CourtSupreme Court of Colorado

John J. Gaudio, Denver, for plaintiff in error.

Duke W. Dunbar, Atty. Gen., Frank E. Hickey, Deputy Atty. Gen., Robert C. Miller, Asst. Atty. Gen., State of Colorado, for defendant in error.

McWILLIAMS, Justice.

By direct information Joel K. Whitman and Gary Dewane Adamson were jointly charged with murder in the first degree, namely, the felonious, wilful and premeditated killing and murder of one Walter F. Hamilton. Whitman entered a plea of not guilty to this charge, and thereafter sought and obtained a trial separate from that of his codefendant Adamson. Upon trial, Whitman was convicted of murder in the first degree and the jury fixed his sentence at life imprisonment. By writ of error Whitman now seeks reversal of this judgment and sentence.

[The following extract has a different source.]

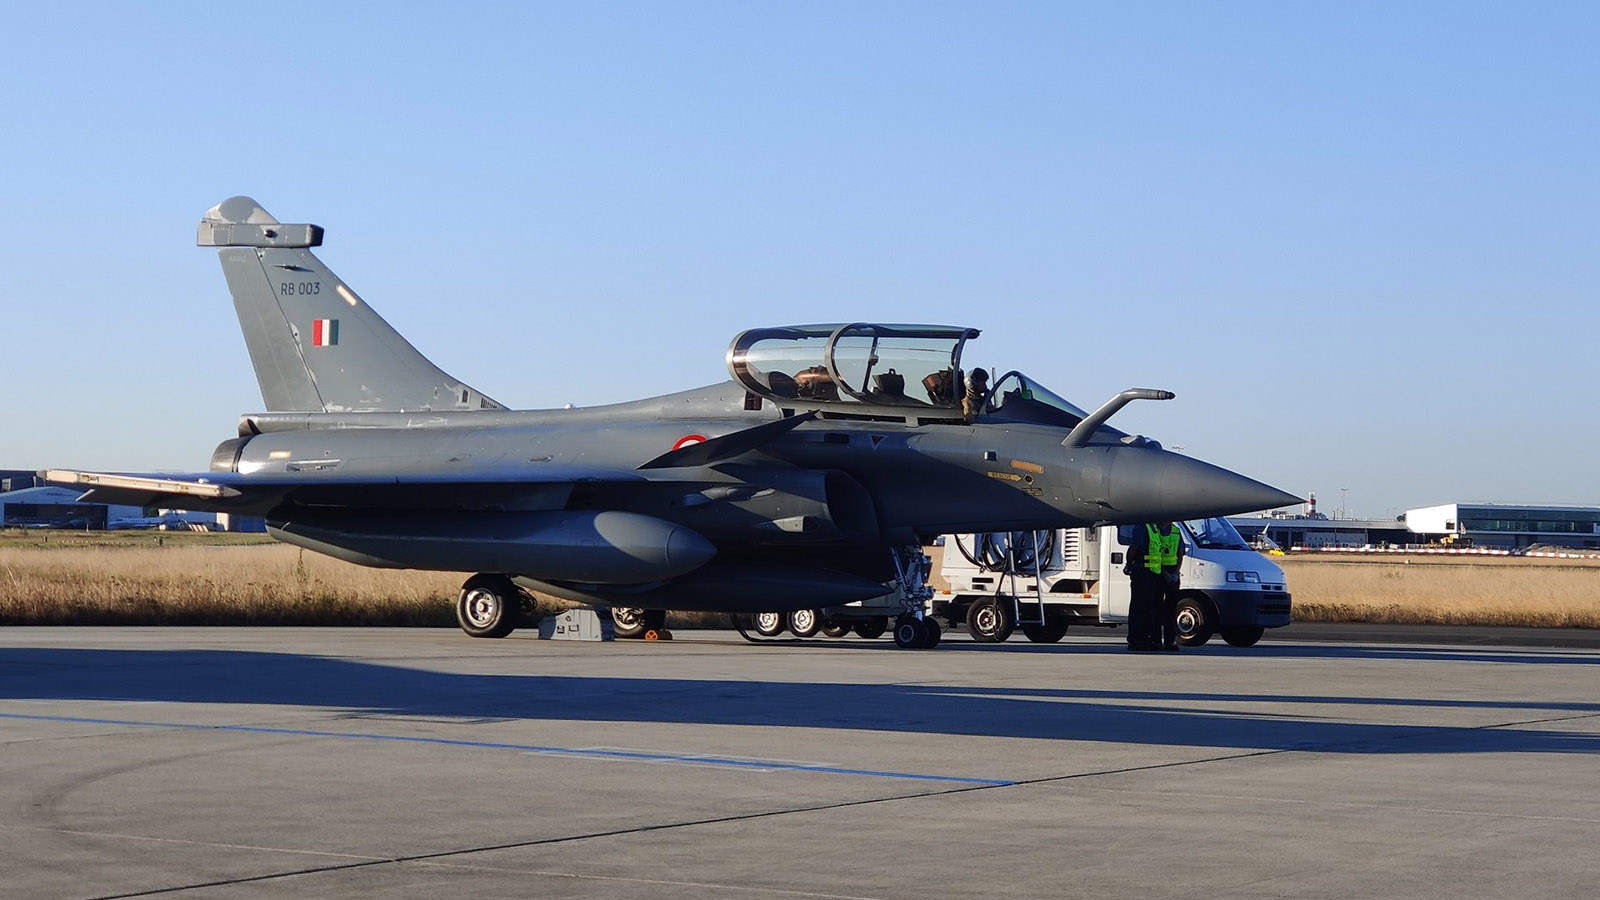 IAF-Rafale-RB-003 ---.jpg

It was the People's theory of the case that under C.R.S.1963, 40--2--3 this was a so-called 'felony-murder' situation. This particular statute provides, in part, that a 'murder * * * which is committed in the perpetration or attempt to perpetrate any * * * robbery * * * shall be deemed murder in the first degree.'

Accordingly, the People offered evidence tending to establish that Adamson, at gunpoint, robbed the proprietor of a South Denver creamery of approximately one hundred dollars, this sum consisting of currency only. Prior to this robbery, Whitman and Adamson, who were then residing in the Colorado Springs area, had together driven to Denver in an automobile belonging to Whitman's sister. Although this was a controverted issue of fact, there nevertheless was evidence that the gun which Adamson used in the holdup had been given him by Whitman. During the robbery Whitman sat in the car which was parked around the corner from the aforementioned creamery.

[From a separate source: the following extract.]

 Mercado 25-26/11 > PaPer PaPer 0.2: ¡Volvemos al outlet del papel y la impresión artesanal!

As Adamson was leaving the creamery, two Denver police officers stopped their squad car, purely by chance, directly in front of this establishment. As the result of certain 'signaling' by the victim of the robbery, the two officers decided to follow Adamson, who proceeded on foot at a rather swift pace to the waiting car in which Whitman was sitting behind the steering wheel. Whitman then pulled away quickly from the curb and the officers proceeded to give chase. Midway through the chase, the officers noted currency coming from the window of the pursued vehicle. This chase was a high speed one, up to one hundred miles per hour, with the Whitman driven vehicle running half a dozen stop signs and several signal light controlled intersections.

The chase came to an abrupt and tragic ending at East First Avenue and University Boulevard. There, Whitman drove his vehicle into the intersection at a very high rate of speed and on a 'red' or 'stop' light. In so doing he struck another vehicle innocently proceeding through the intersection on a 'green' or 'go' light, and the driver of this other vehicle died from the injuries which he received in this violent collision.

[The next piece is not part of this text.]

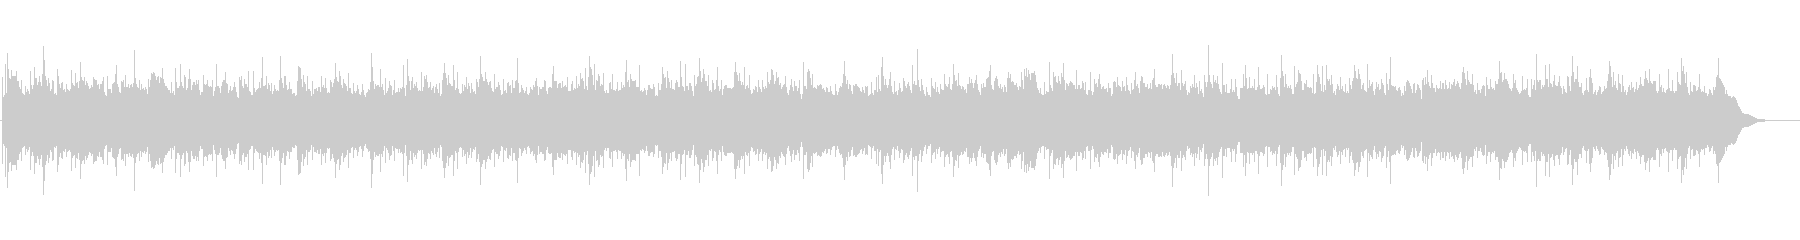 【オルゴール】エンディングの余韻を残す曲の未再生の波形

Whitman's theory of the case was that he was an innocent victim of circumstances. His testimony was that he had no idea that Adamson intended to rob the creamery, and that in this regard Adamson had merely told him that he wanted to buy some cigarettes. Whitman denied that it was his gun that Adamson used in the robbery and testified that he actually didn't know that Adamson even had any weapon until Adamson returned to the car. Then, according to Whitman, Adamson pulled the gun on him and told him the police were on their trail. Whitman went on to testify that while he thereafter did drive the car at breakneck speed in an effort to elude the police, he did so only because Adamson 'put the gun in his ribs' and threatened his life.

It was on this general state of the record, with the aforementioned sharp dispute in the evidence, that the jury returned its verdict adjudging Whitman guilty of murder in the first degree and fixing his sentence at life imprisonment in the state penitentiary.

Whitman initially contends that this judgment and sentence must be reversed because, in his view, there was no evidence that he was a 'party' to any robbery, either as a principal or as an accessory thereto. In thus asserting, Whitman completely overlooks the People's evidence and apparently chooses, for obvious and understandable reasons, to look upon the evidence offered by him in his defense as being the only evidence in the record. In our analysis of the evidence the People very definitely made out a Prima facie case tying Whitman into the robbery as an accessory. C.R.S.1963, 40--1--12.

We agree with the general assertion that quite probably the evidence offered by Whitman, If believed by the jury, would have absolved him of any criminal responsibility in this entire transaction. In other words, if the jury believed that Whitman did not 'stand by' and aid, abet or assist, and if they were of the further view that he had not theretofore advised and encouraged the perpetration of the robbery, then he would not be guilty of any felony-murder.

The answer to all this, though, is that the jury obviously chose to Disbelieve Whitman's testimony in these several particulars, and by its guilty verdict indicated...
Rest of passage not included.